DBOS has pulled off something clever with their durable execution library for Python. They made async workflows deterministic, which matters because durable workflows need to replay correctly after failures, and that requires knowing exactly which steps ran in what order. The problem is that async code with concurrent tasks, like those started with asyncio.gather, seems inherently unpredictable. DBOS found a workaround by exploiting how Python's asyncio event loop actually schedules tasks.
The trick is in the timing. When you create multiple async tasks, they don't run immediately. The event loop queues them and runs each one until it yields control via await. DBOS discovered that asyncio schedules newly created tasks in FIFO order. Their @Step() decorator assigns step IDs before the first await, capturing this deterministic startup sequence. So even though tasks might finish in any order, they start in a predictable one, and that's enough for replay-based recovery.
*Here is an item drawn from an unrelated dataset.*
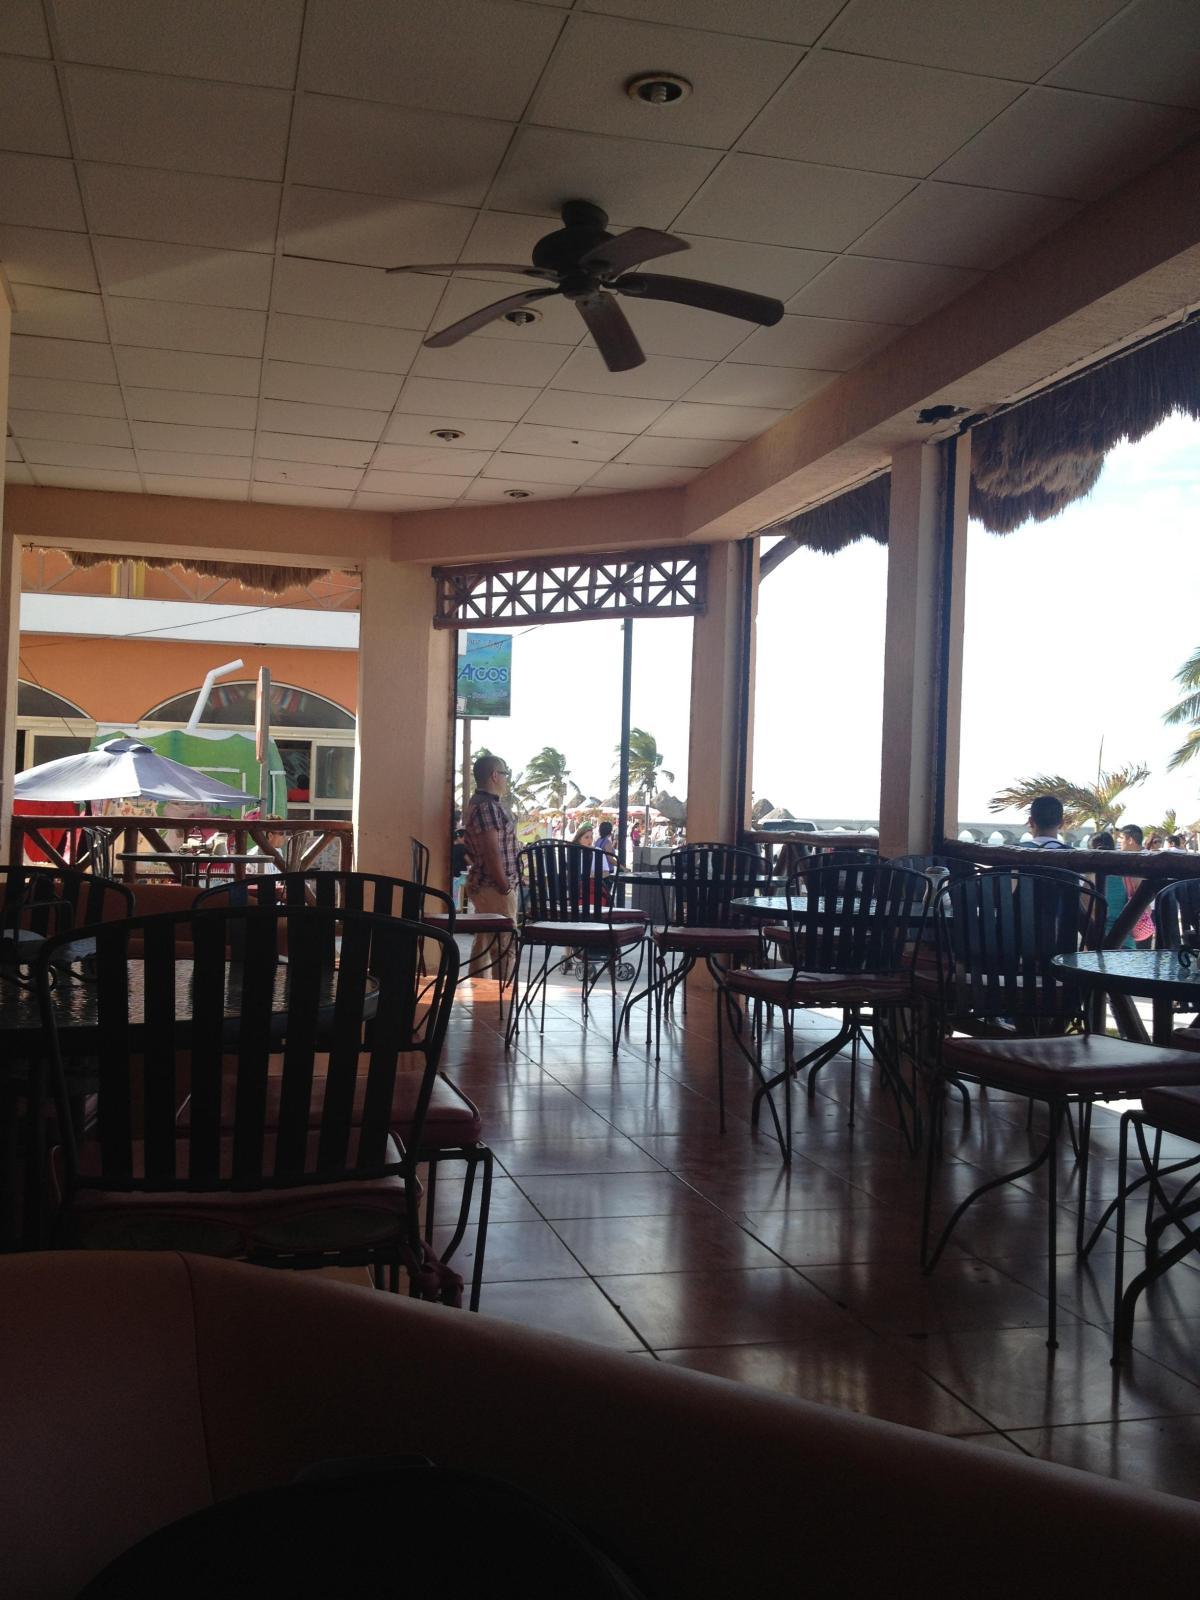 The Progreso, Yucatan Vacation Rental Part II — By Jennifer Shipp
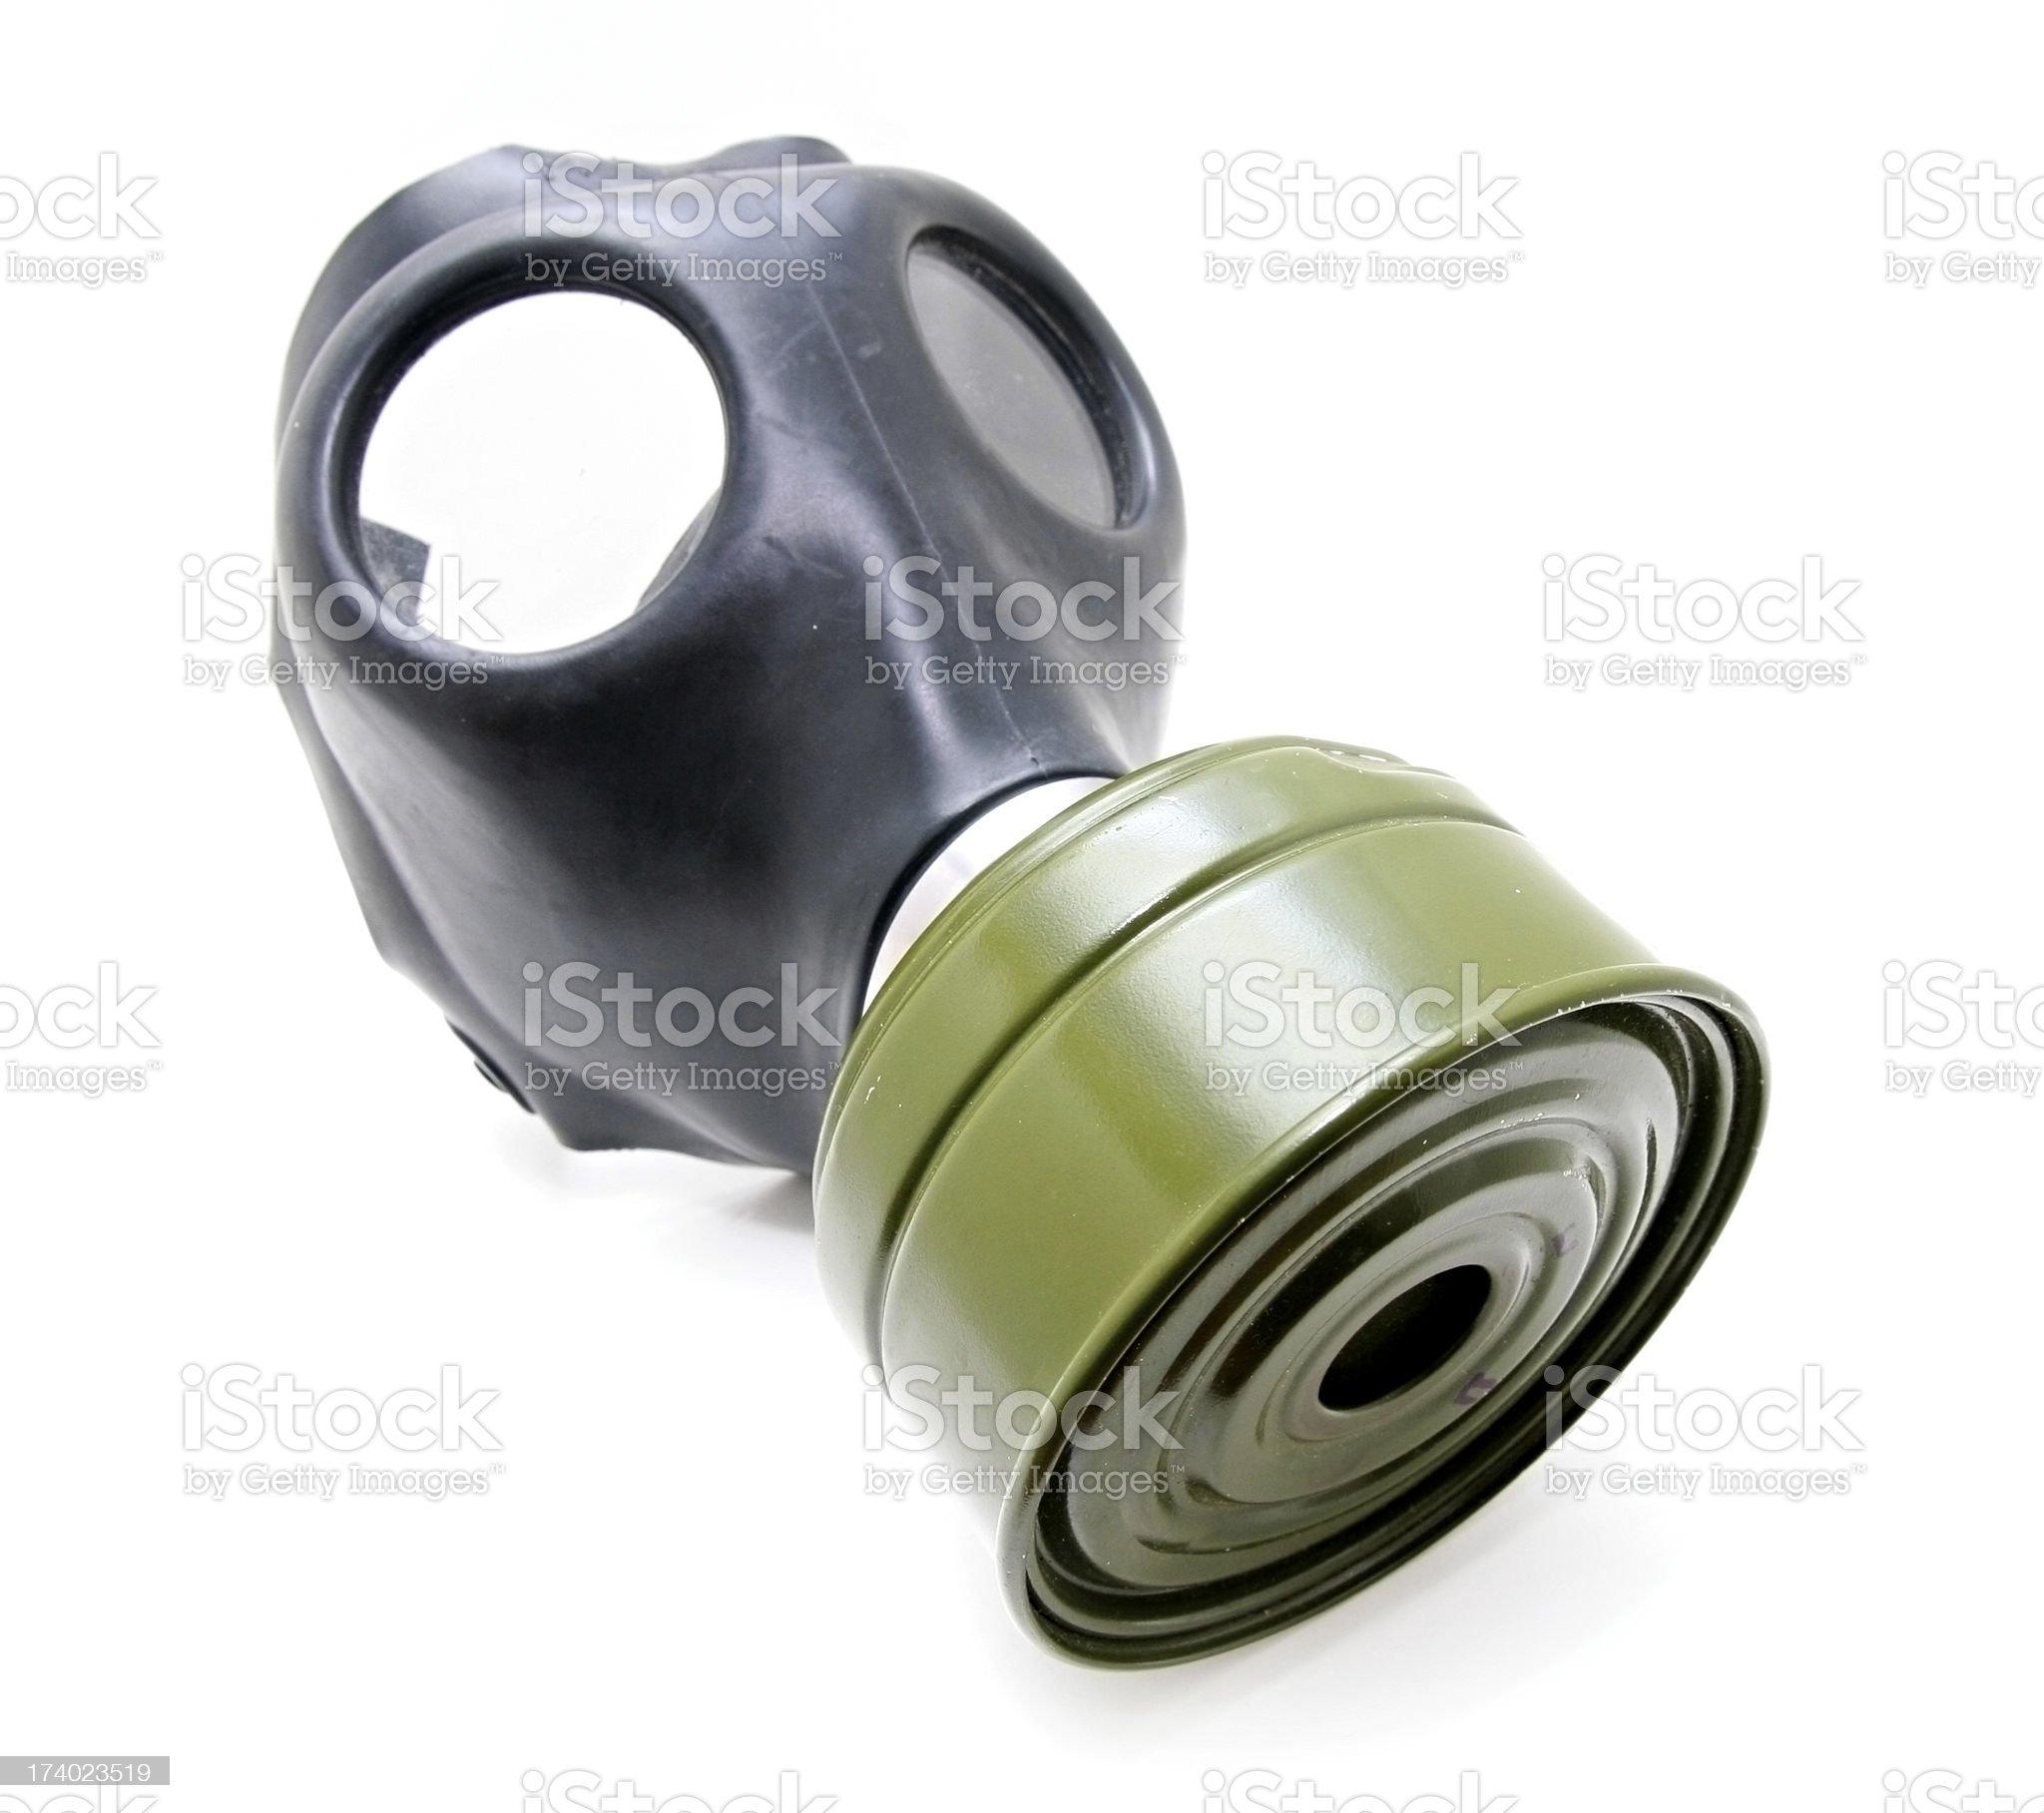 Vintage Gas Mask Isolated on White Background royalty-free stock photo

DBOS has serious credentials. The company was founded by Mike Stonebraker (Turing Award winner, creator of PostgreSQL), Matei Zaharia (Stanford professor, creator of Apache Spark), and Andy Pavlo (CMU database systems researcher). Their goal is to replace complex queue infrastructure with simple code annotations that provide resilience and automatic failure recovery for coding agents.
Not everyone is thrilled with this approach. Hacker News commenters and the Trio async library maintainers pointed out that FIFO scheduling is an implementation detail of stdlib asyncio, not a guarantee from the Python spec. Trio deliberately randomizes task startup order to catch developers who accidentally depend on scheduling behavior. If CPython ever changes how its event loop works, code relying on this trick could break in confusing ways. DBOS is betting their entire recovery mechanism on undocumented behavior.